Viceversa, l’attesa delle motivazioni era focalizzata anche sull’analisi della posizione dell’ex senatore eletto nella coalizione del Popolo delle Libertà, Antonio Stefano Caridi, assolto dal tribunale reggino nonostante le pesanti richieste avanzate dall’accusa. Durante la requisitoria, la pm Giulia Pantano aveva discusso la sua posizione nell’ambito della trattazione del filone legato all’inchiesta Alchemia, focalizzata sugli affari del clan Raso-Gullace-Albanese tra la Calabria e la Capitale.

Nel racconto del magistrato, appresa la notizia della candidatura di Caridi “la cosca scese in campo per sostenerlo” e “talmente forte era la potenza di questa cosca da costringere il segretario di un partito che non avrebbe potuto appoggiare Caridi, a rivedere la sua posizione a fronte di accordi presi in precedenza”. Vito Schifani arriverà a proporne l’inserimento nella Commissione parlamentare antimafia, “ma ci fu – scrivono i giudici – una campagna stampa che precluse tale incarico, in quanto erano state pubblicate notizie su una serie di collegamenti che Caridi avrebbe avuto con alcune articolazioni territoriali della ‘ndrangheta” reggina.

L’ex senatore del Pdl Antonio Stefano Caridi è stato assolto, nonostante per il tribunale di Reggio Calabria “non disdegnava di coltivare rapporti e frequentazioni con soggetti delle più importanti consorterie criminali per chiare finalità elettorali”

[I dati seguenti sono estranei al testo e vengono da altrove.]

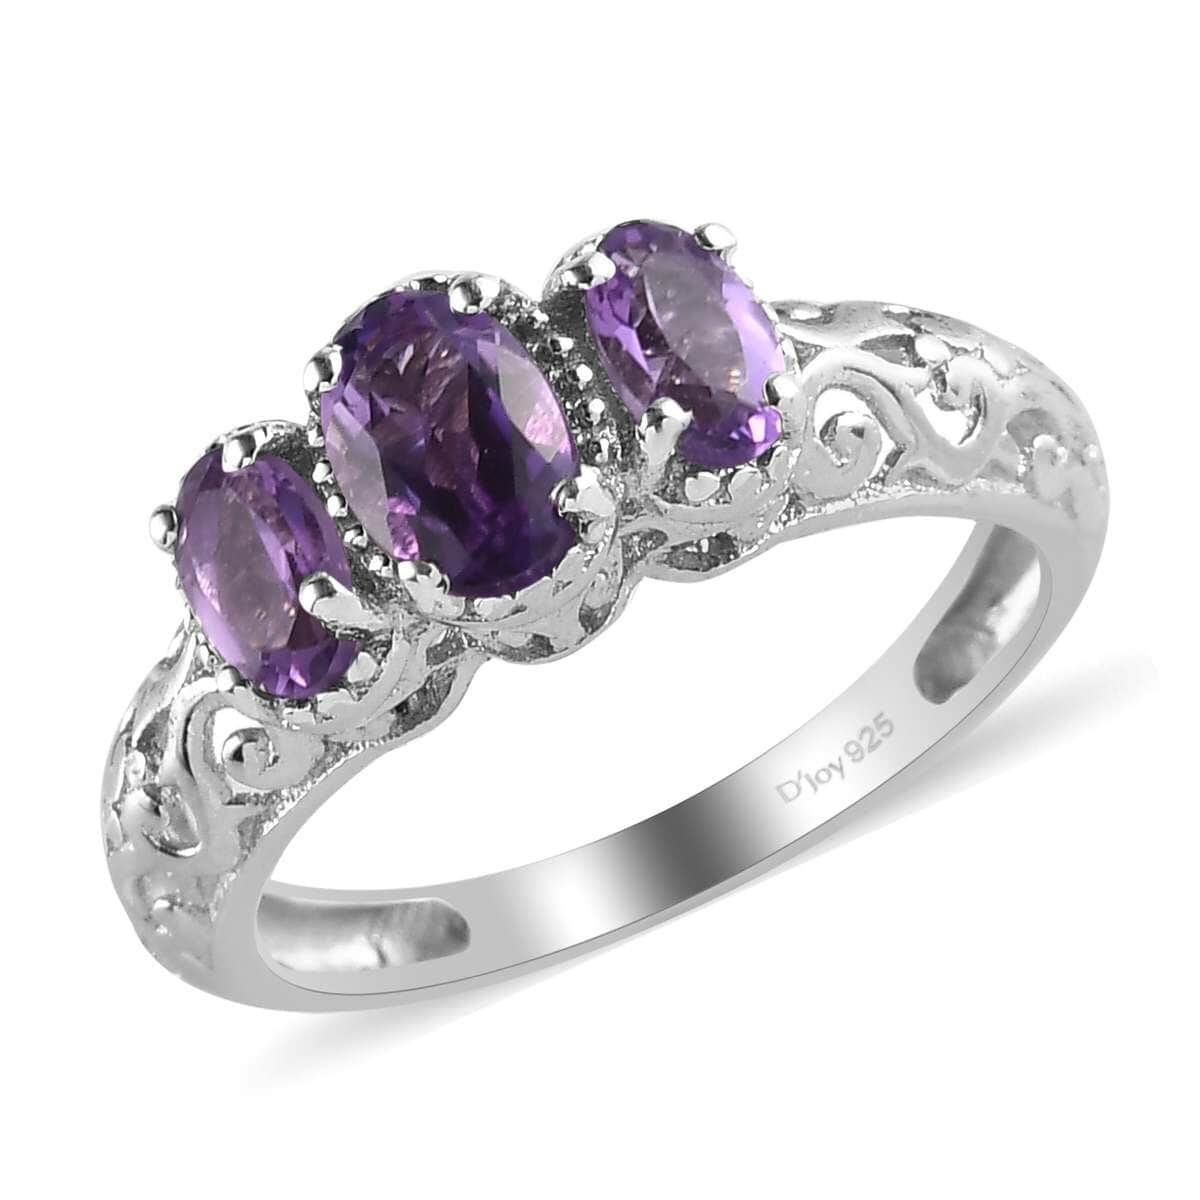 Amethyst Ring, 3 Stone Amethyst Ring, Trilogy Ring, Sterling Silver Ring, Birthstone Jewelry, Amethyst 3 Stone Ring 0.85 ctw image number 0

Nell’assolverlo per mancanza di elementi che possano portare ad affermare la sua partecipazione alla struttura riservata della ‘ndrangheta, il tribunale di Reggio Calabria non ha disdegnato di sottolinearne una spregiudicatezza tale “che in occasione delle competizioni elettorali non disdegnava di coltivare rapporti e frequentazioni con soggetti delle più importanti consorterie criminali per chiare finalità elettorali”. Aspetti che gli sarebbero valsi “il sostegno elettorale dei De Stefano” alle elezioni del 2002, secondo le dichiarazioni dei collaboratori di giustizia, nel suo caso rimaste prive di riscontri.
Si attendono ora i ricorsi in Appello da parte dell’accusa e delle difese per scrivere un nuovo capitolo di questa importante vicenda giudiziaria.